Deputy SecGen Vershbow: NATO does not seek confrontation with Russia
NATO does not seek a confrontation with Russia, but cannot ignore its aggressive actions, Deputy Secretary General Alexander Vershbow stated on Tuesday in a public conference in Bucharest.
He asserted that NATO's message is very clear: the Alliance is defensive. A new cold war would not be beneficial to anybody, but merely ignoring Russia's actions would be a betrayal of NATO's principles and would encourage Moscow to continue aggressions against its neighbours, setting future relations on an unstable basis; security in the 21st century cannot relay on spheres of influence where great powers dictate the choices of their neighbours and change borders by force, he said.
In his opinion, the best response to Russia's attitude is a combination of force and dialogue; thus, NATO will consolidate its defence and deterrence capability, so that Russia — or any potential enemy — never even considers attacking a NATO member.

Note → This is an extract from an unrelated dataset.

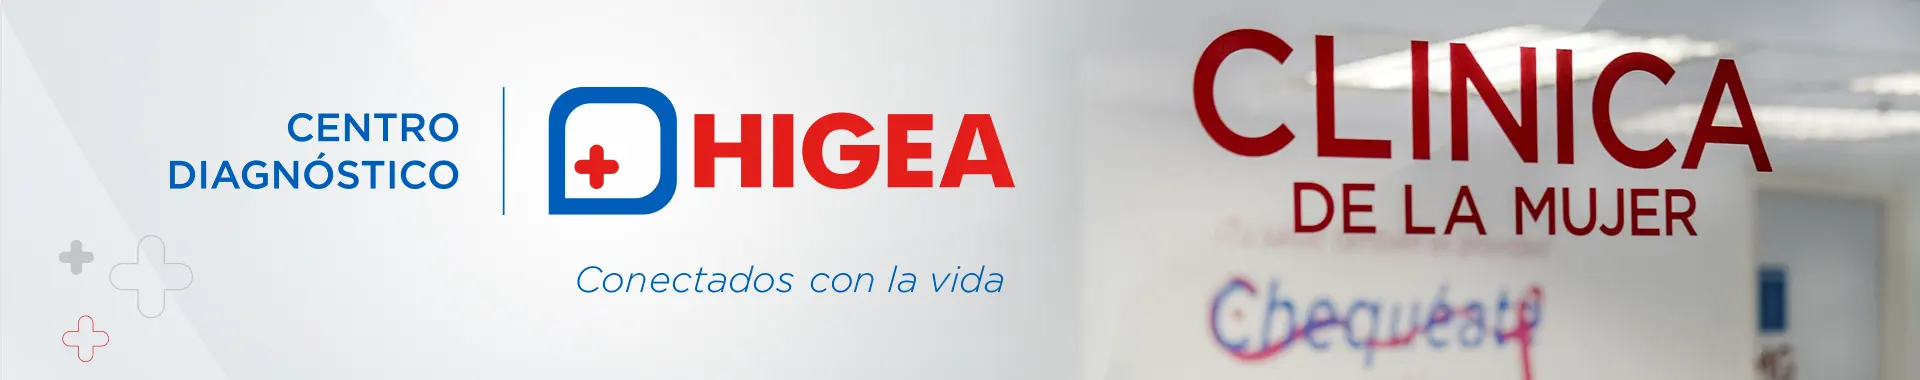 Imagen 1 del perfil de Centro Diagnóstico Higea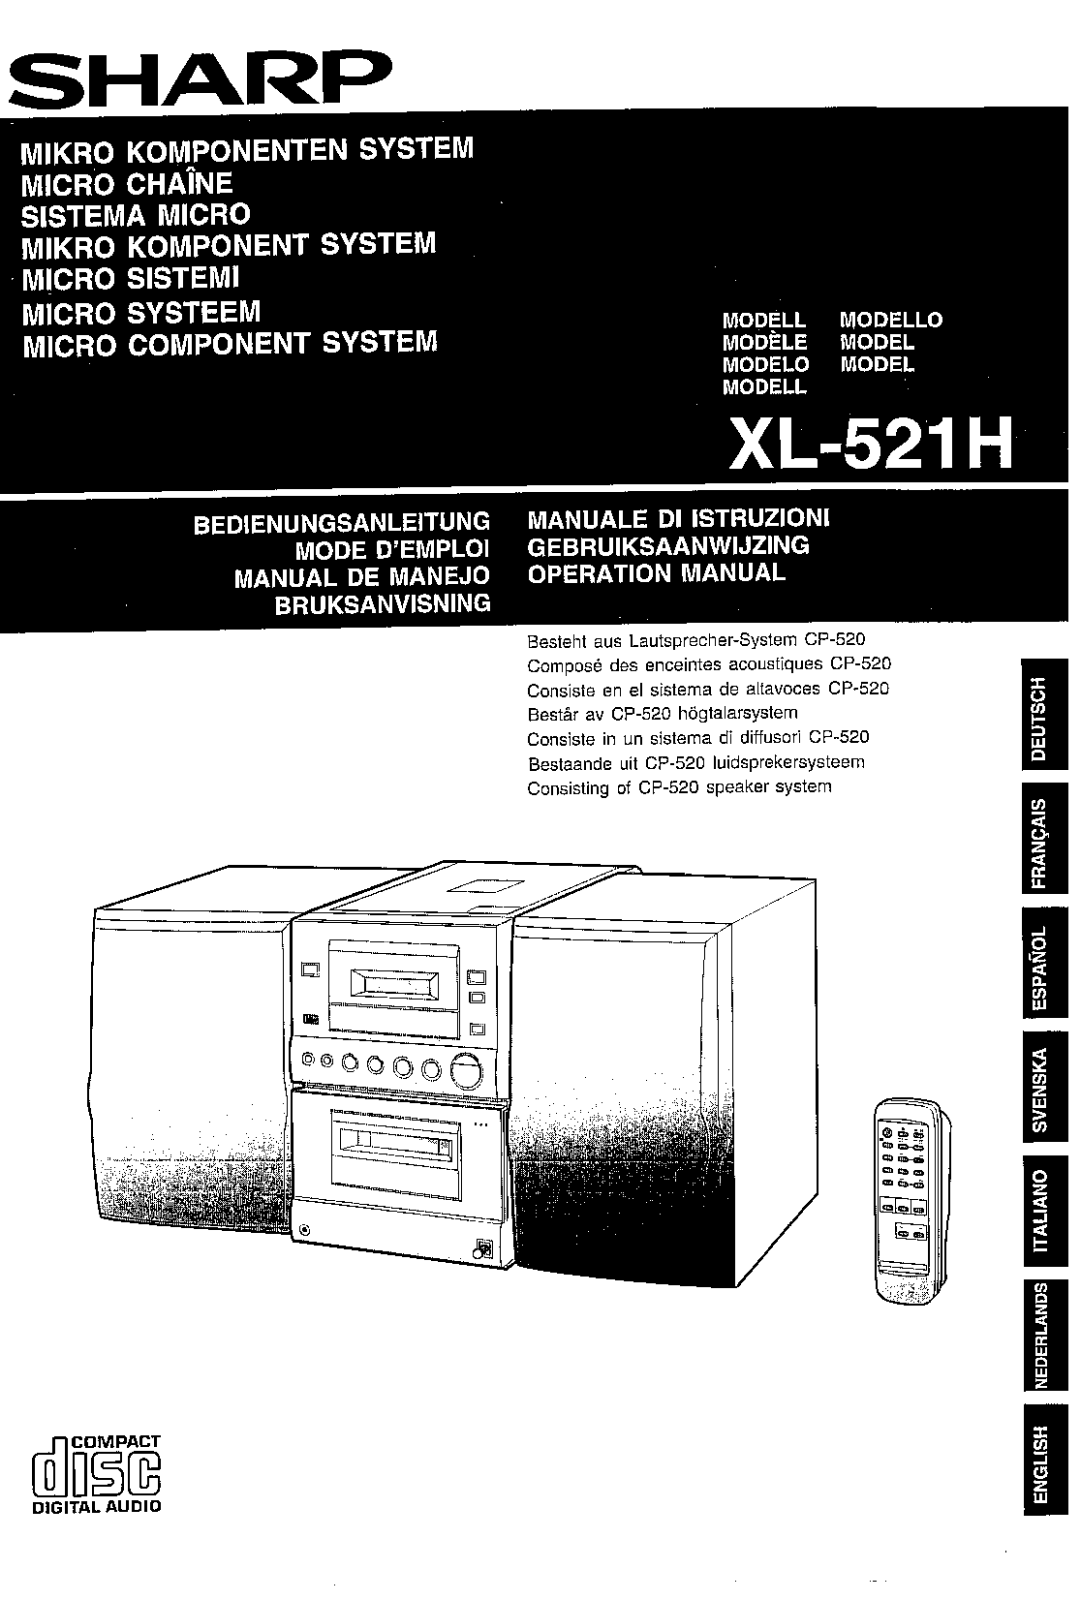 Sharp XL-521H Manual

Relations with Russia improved after the Cold War, until 2013, he recalled; the two sides cooperated in stabilizing the Western Balkans and Afghanistan, in the fight against piracy and terrorism. NATO's ambitions of a mutually beneficial partnership vanished, however, when Russia launched its aggression against Ukraine, illegally annexed Crimea and fostering separatist insurgency in eastern Ukraine's Donbass region. The Kremlin thus breached international rules; it used propaganda, subversion and cyber attacks to destabilize Ukraine and undermine its security — and also to test NATO, according to Vershbow.